The evidence of record tends to show the following: On the evening of 30 May 2009, Defendant, Defendant's girlfriend, and several other people went to the Broad Street Bar and Grill (“Bar and Grill”) in Southern Pines, North Carolina. While there, Defendant drank several beers and played pool. After several hours had passed at the Bar and Grill, a bouncer approached Defendant and asked whether he had a weapon on him. Defendant did not answer, and the bouncer told Defendant to leave. Defendant complied and left the Bar and Grill in a Sandhills Transportation burgundy taxi van.

Later that evening, Defendant returned and attempted to reenter the Bar and Grill. The bouncer told Defendant he could not go inside. Defendant became “agitated[,] and the bouncer called the Southern Pines Police Department.

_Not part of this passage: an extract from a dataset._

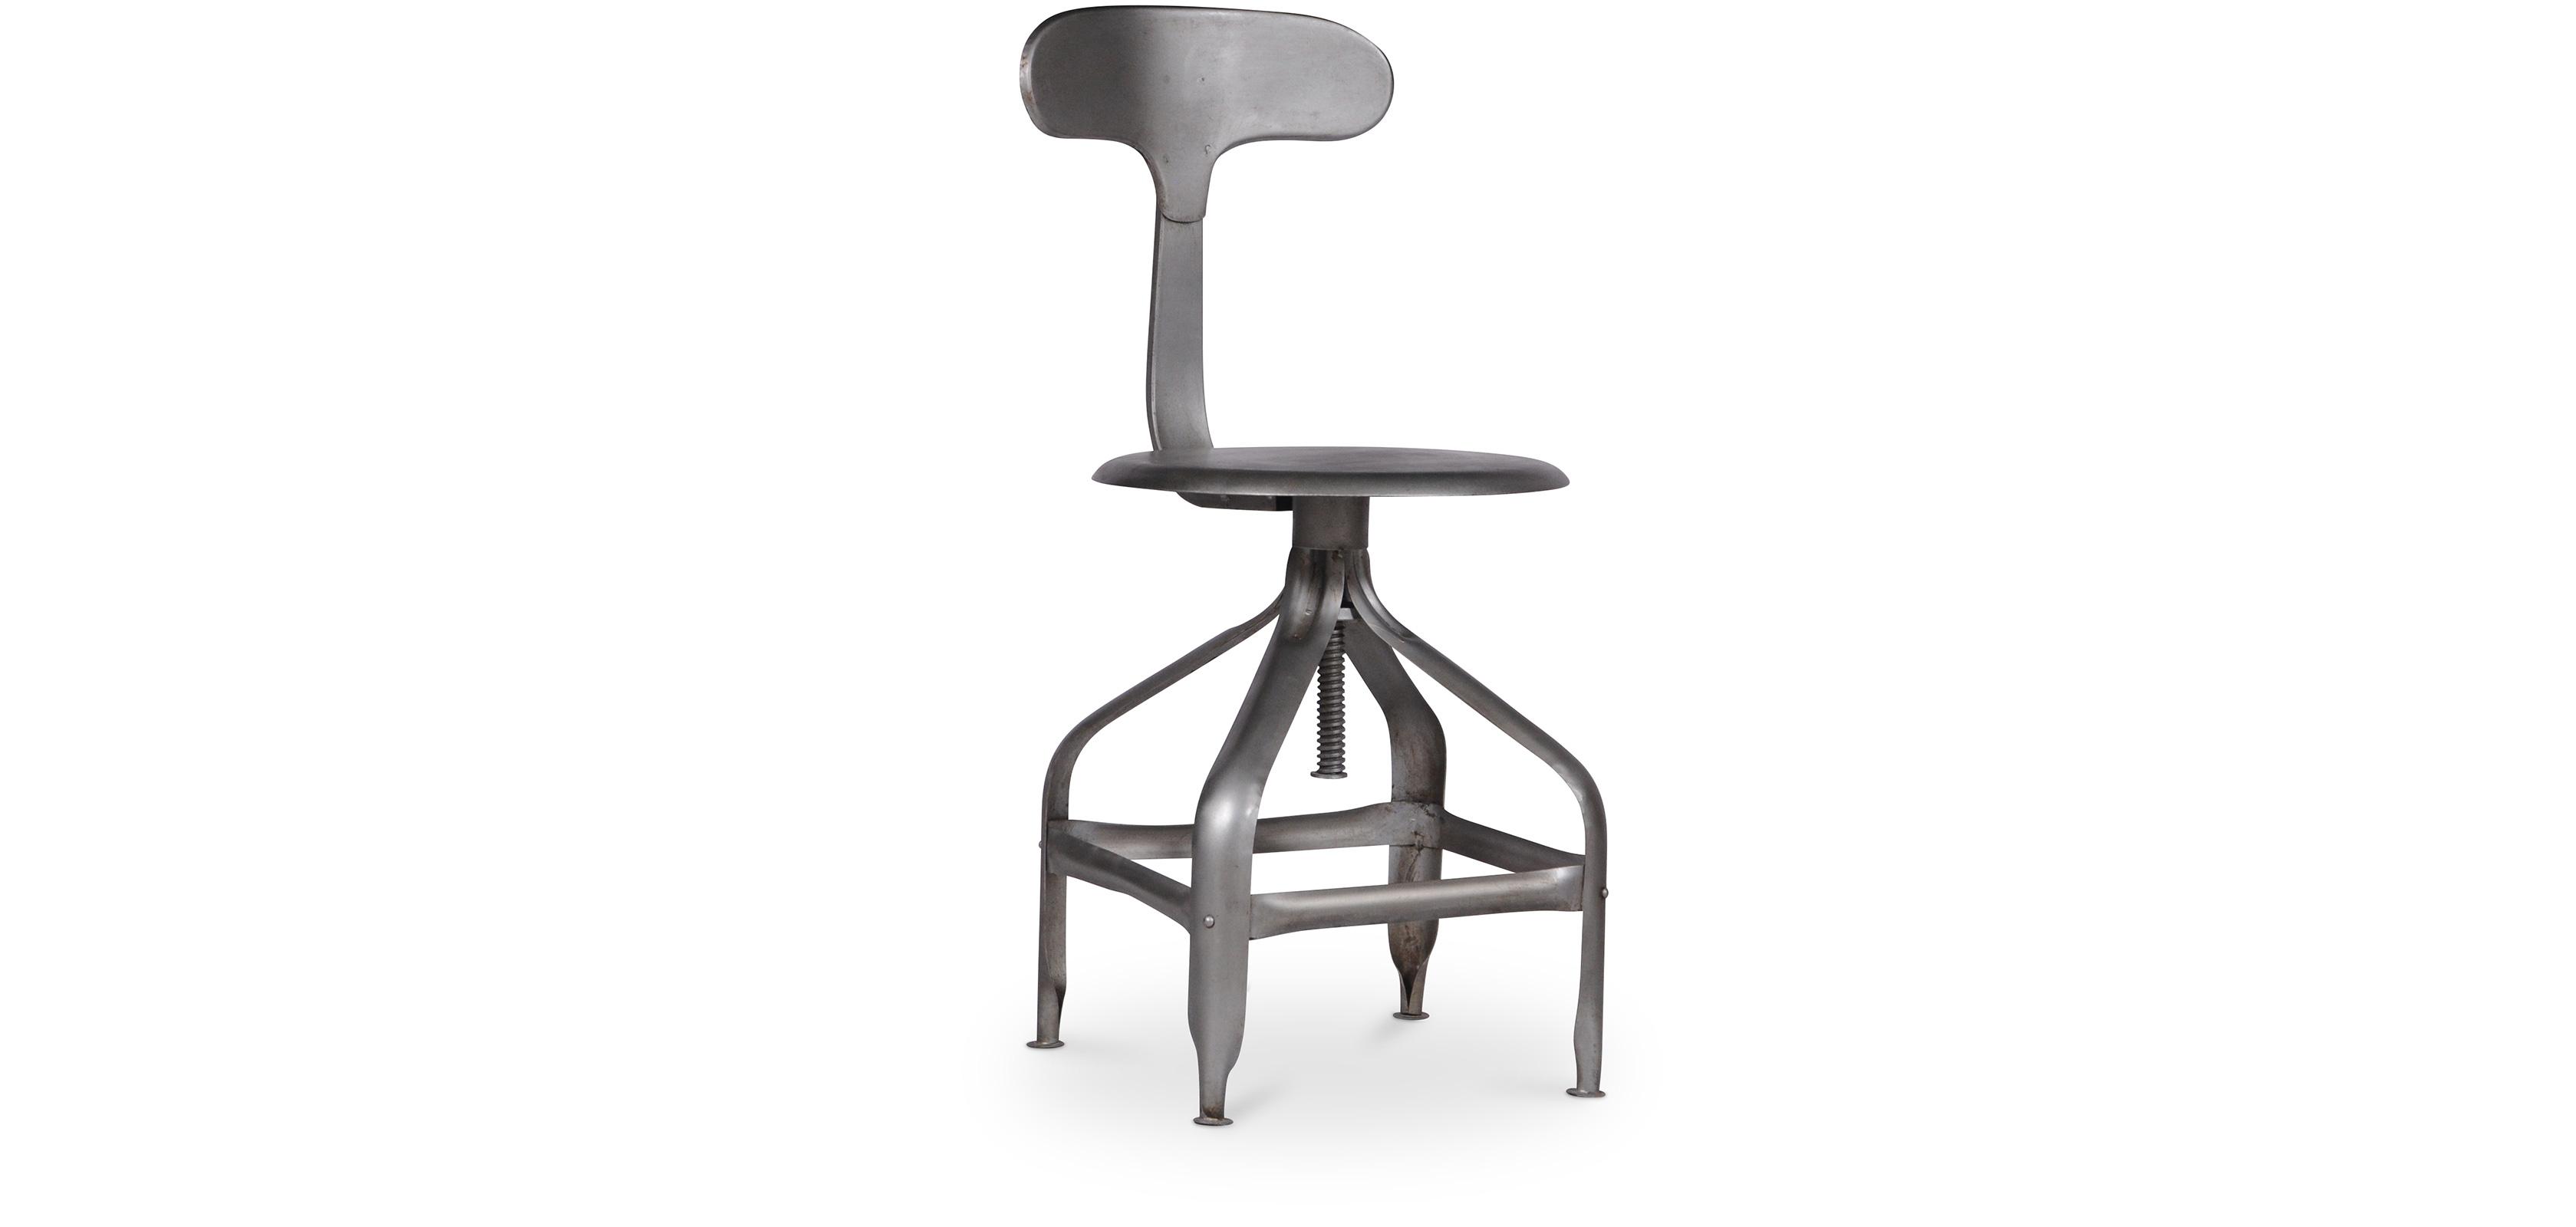 Industrial stuhl metall for Design stuhl metall

Defendant walked back to the burgundy taxi van.

Officer Chris Coleman (“Officer Coleman”) of the Southern Pines Police Department responded to the call from the Bar and Grill bouncer and saw the burgundy taxi van in the Bar and Grill parking lot. Officer Coleman approached the van. Defendant was standing in the doorway of the van, talking to the cab driver. When Defendant saw Officer Coleman, he told Officer Coleman that he had a permit to carry a concealed weapon. Defendant showed Officer Coleman his concealed weapon permit, and Officer Coleman deemed the concealed weapon permit to be valid. Officer Coleman asked Defendant whether he had been drinking, and Defendant admitted that he had been drinking beer that evening at the Bar and Grill. Officer Coleman removed the concealed weapon from Defendant's pocket and arrested Defendant.

On 9 August 2009, Defendant was charged with carrying a concealed handgun in violation of N.C. Gen.Stat. § 14–269(a1). The magistrate's order charging Defendant alleged that “the defendant ... unlawfully and willfully did carry concealed about the defendant's person while off the defendant's own premises a gun, .25 CAL BROWNING PISTOL[,] which is the language of N.C. Gen.Stat. § 14–269(a1)(1).

On 12 November 2009, Defendant was found guilty in District Court of carrying a concealed handgun in violation of N.C. Gen.Stat. § 14–269(a1). Defendant appealed to Superior Court. On 5 April 2011, a jury found Defendant guilty of carrying a concealed handgun in violation of N.C. Gen.Stat. § 14–269(a1). The trial court entered a judgment consistent with the jury's verdict, sentencing Defendant to 30 days incarceration in the Moore County Jail. However, the trial court suspended the sentence and imposedan active sentence of 7 days incarceration and 18 months unsupervised probation. From this judgment, Defendant appeals.

I: Sufficiency of the Indictment and Fatal Variance

On appeal, Defendant argues the trial court erred in denying Defendant's motion to dismiss because the evidence at trial “proved an offense not charged by the criminal pleading[.] Defendant argues there was a fatal variance between the charging document—in this case, the magistrate's order—and the evidence. Before we reach the question of whether there was a fatal variance between the indictment and the evidence, we believe it is necessary to determine whether the indictment itself was sufficient.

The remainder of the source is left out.